For the client-side code, we’ll edit the index.html file.

1. Include the above script in the HTML code

   <script src="./google-authentication.js"></script>

2. Add the login button above the main tag in the body

   <center style="margin-top: 100px">
   <button class="loginBtn loginBtn--google" id='sign-in-or-out-button'>
   </button>
   <button id="revoke-access-button" style="display: none; margin-left: 25px">Revoke access</button>
   </center>

3. Set the display as none for the app and make it appear after login, which happens in the Google-authenticated script we added

   <main id='app' style="display: none;">

Note: We can do a serverless function call after authentication with the token or the user data to get the authenticated data we need. The above process is just a small test app to demonstrate how the authentication works.

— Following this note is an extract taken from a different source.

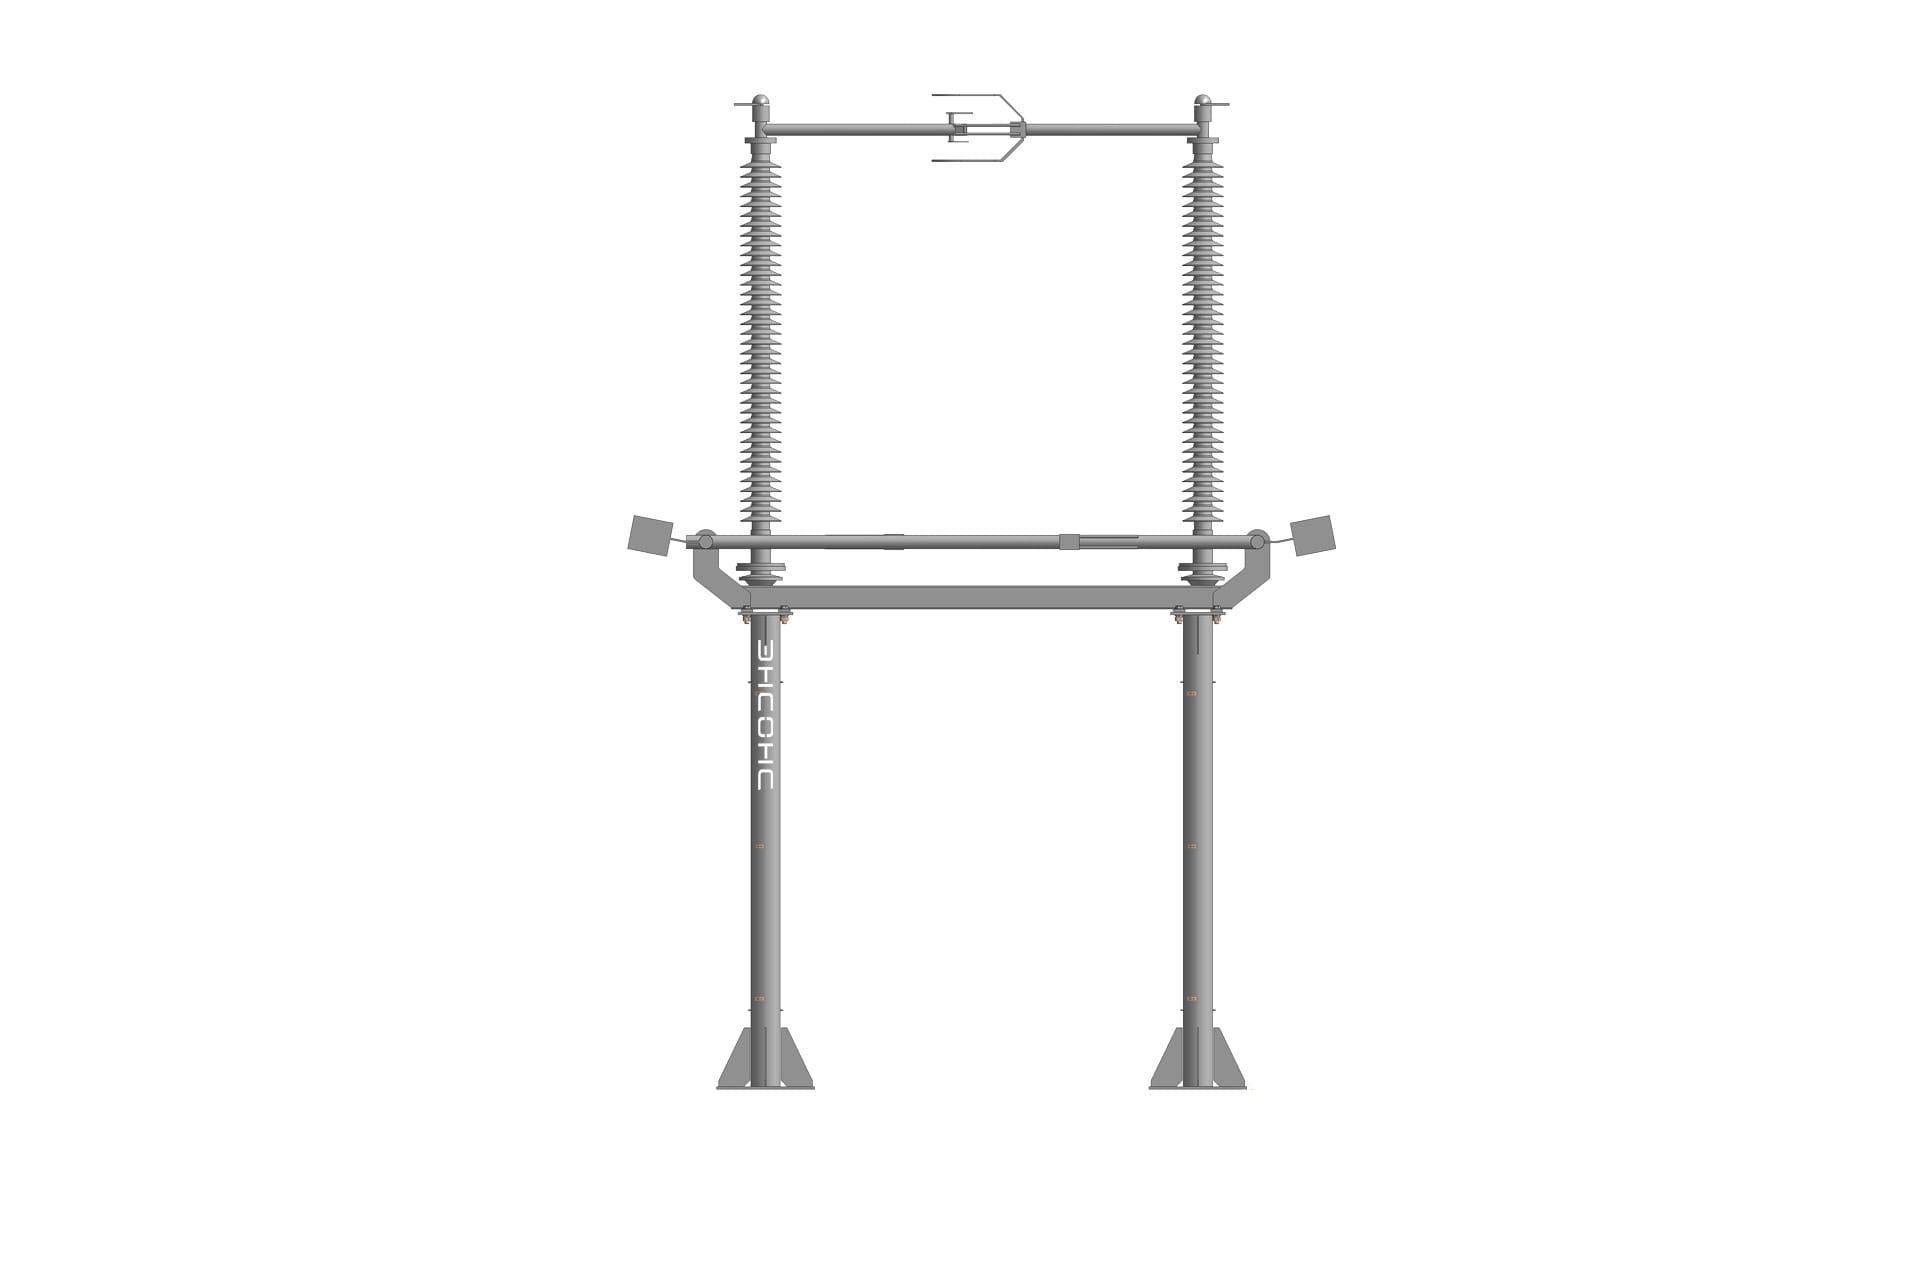 Ensons - Блок трехполюсного разъединителя 220 кВ

That’s all there is to it! If you want to see the full demo in action, head to CodeSandbox.

Conclusion

Skipping servers and using the JAMstack to build and deliver websites can save time, money, and headaches when it comes to DevOps. These are much more than static sites; with JAMstack,  your app can respond to user interactions, store data, handle user authentication, and just about anything else you’d want a modern website to do.